これまでのところ、2 つの解決策がありました。1. UCSC DAS サーバーからシーケンスを取得するための python スクリプト: http://genome.ucsc.edu/cgi-bin/das/hg19/dna?segment=chr4:35654,35695

1. Pythonスクリプトを使用して「samtools faidx」コマンドを呼び出し、投稿からcommnad出力を返します： http://seqanswers.com/forums/showthread.php?t=23606&highlight=fetch+genome+coordinate

しかし、彼らは遅いです。samtools faidx は、DAS サーバーから取得するよりも少し高速ですが、それでも遅いです。

それで、これを行うためのFAST方法はありますか？私は別の染色体 fasta ファイルと hg19.fa ファイルを持っています。

現在、まだ解決できていない AWK の問題に取り組んでいます。位置を含むリスト (列 1 と 2 で宣言) を保持するゲノム データと、いくつかの範囲を保持する 2 つ目のリスト (列 3、4 および 5 で宣言) を含む 1 つの巨大なファイル (30GB) があります。秒ファイルで宣言された範囲内にある最初のファイルのすべての行を抽出したい。位置は特定の染色体 (chr) 内でのみ一意であるため、最初に chr が同一であるかどうかをテストする必要があります (つまり、ファイル 1 の col1 がファイル 2 の col3 と一致する)。

ファイル 1

ファイル 2

期待される出力

私がやろうとしていることの要約（半分はコード化されています）：

file1 を配列に入れ、位置をインデックスとして使用することでこの問題を解決する方法を理解している場合は親切ですが、まだ chr に問題があり、さらに file1 が大きすぎて配列に入れることができません (ただし、128GB の羊）。多次元配列でいくつかのことを試しましたが、それを行う方法も実際にはわかりませんでした。

ご協力ありがとうございました。

更新 2014 年 8 月 5 日 同じクロムの別の範囲を含むファイル 2 に 3 行目を追加しました。2 行目のように。この行は、以下のスクリプトではスキップされます。

I have been trying for months to figure out how to do this, so hopefully somebody can give me some clarity. I have created an R script that displays all of the values in my database's Genes table. So it gives the length (in nucleotides) of each gene, and I lay it out horizontally.

The main idea was to take values from another table called QGRS, which contains the lengths of each QGRS. The issue I am having is that there are many QGRS's on a single gene, so I can't figure out how to use R to show this. There may be a better way, but my idea was to have the horizontal gene lengths bars be one color, and have the QGRS lengths appear right over those bars as a different color to highlight the QGRS's location on the gene. And this is for all of the genes. I don't understand how to get multiple values over a single bar, and then how to superimpose the two graphs properly.

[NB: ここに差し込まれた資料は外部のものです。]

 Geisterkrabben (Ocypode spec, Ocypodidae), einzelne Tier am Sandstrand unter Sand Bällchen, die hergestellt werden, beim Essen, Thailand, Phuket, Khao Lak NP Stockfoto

I hope this makes sense. Here is what I have:

And here is what it outputs [long picture!]:

** Note, the numbers on the left are cut off a bit, I have no idea why... but they are the gene IDs straight from NCBI, just a reference to label them as.

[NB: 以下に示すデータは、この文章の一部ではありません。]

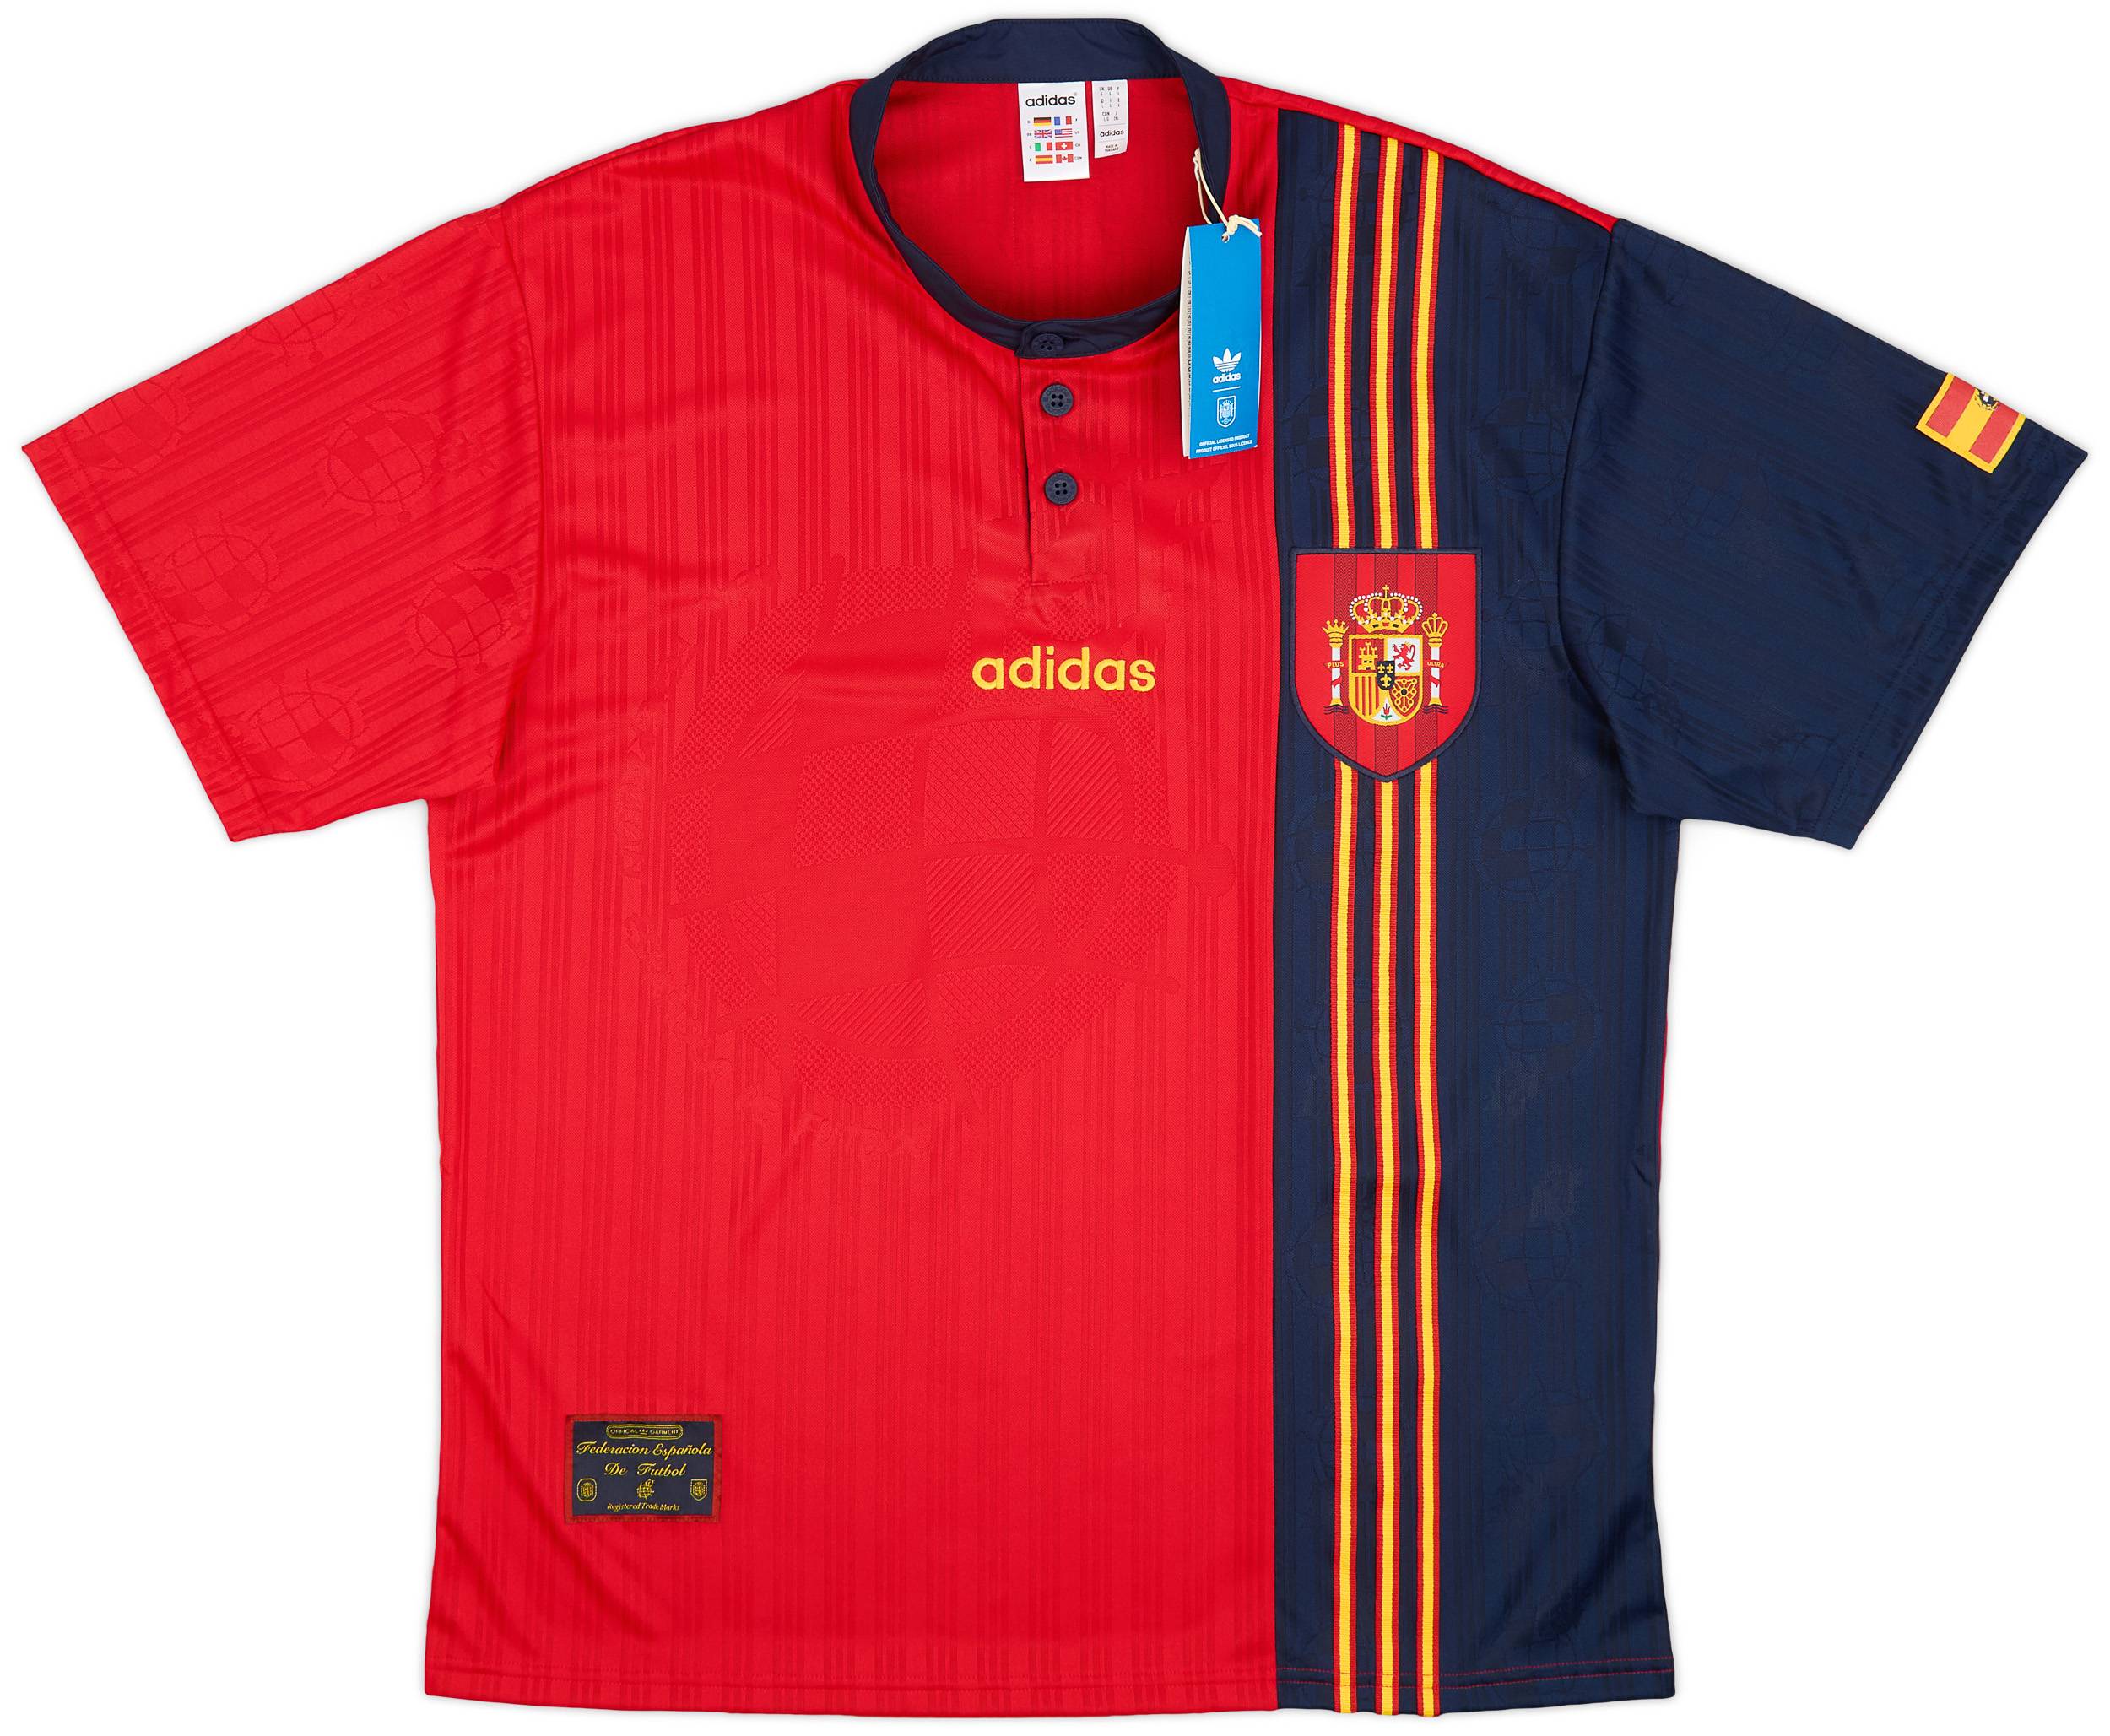 1996 Spain adidas Originals Reissue Home Shirt

Let me know if more information is needed. Please, any help I would greatly appreciate. I really tried to search for the answers for months (this entire past semester), but I don't think I'm very competent at this. It's too complex for me.

Now I know that I could make another graph for the QGRS but if it was this same way, they would each come out on different lines! So that's not helpful.

Also, my Genes table works like this. I have 5 genes per chromosome, for all the chromosomes in the human genome (24 if you count the X and Y separately). So if needed, the genes graph too could be combined to have only 24 lines and where each line consists of the 5 genes, but I doubt this helps.

--------EDIT------------

Here is sample data from Genes table, the 5 genes for chromosomes 1 and two:

And here is sample data from QGRS table [just a few lines for Gene '8682' [first line in above sample data]

私は、いくつかの種の相同体を持つ配列と、これらの相同体のスコアを持っています。

これは、gff ファイルのレコードの例です。

==>4592637 => シーケンスの NAPP(Nucleic Acid Phylogenetic Profiling database) ID (genbank ID ではありません)

==>Beutenbergia_cavernae_DSM_12333 => シーケンスの種名

==>TILL => シーケンスのタイプ

==>70731 .. 70780 => シーケンスの開始と終了

==>clst_id=429 => は、このシーケンスのクラスターの ID です

==>SubjectOrganism => シーケンスが相同性を持つ種の名前

==>SubjectScore => この種のシーケンスのホモログのスコア ( Blastn スコア )

SubjectOrganismシーケンス（4592637）が類似している場所からシーケンスを抽出したい。

Python を使用して、シーケンスにホモログがあるゲノムからシーケンスを抽出するにはどうすればよいですか?

私は周りを見回しましたが、これに関して以前に投稿された質問はないようです。いくつかの座標を持つ 2 つの GRanges オブジェクトがあり、一方の間隔を他方から減算したいと考えています。これは、findOverlaps() または intersect() を使用してオーバーラップを見つけることとは異なります。

例えば：

そして私が欲しい：

以下は機能しますが、かなり不器用で、2 つのオブジェクト間で染色体ごとの間隔の数が一致しないため、染色体ごとに実行する必要があります。

2 つの GRanges オブジェクトをまとめて使用する、より迅速で効果的な方法はありますか? ありがとうございました！

シーケンスは実際にはゲノムのシーケンスですが、これでは出力が得られないため、結果を取得する必要があります。エラーはどこですか？クエリは正しいですか？

染色体:開始-終了という形式のゲノム位置のリストがあります

例えば

これを取得するために、これを染色体番号と数値の開始位置で並べ替えたい:

perlでこれを行うための効果的で効率的な方法は何ですか?

現在、2 つのデータ テーブルがあり、そのうちの 1 つは列に独立変数と制御変数を含み、もう 1 つは従属変数の行を含みます。

従属値テーブルの行ごとに繰り返される 2 つのテーブルから線形モデルを実行する方法の作成を手伝ってくれる人はいますか?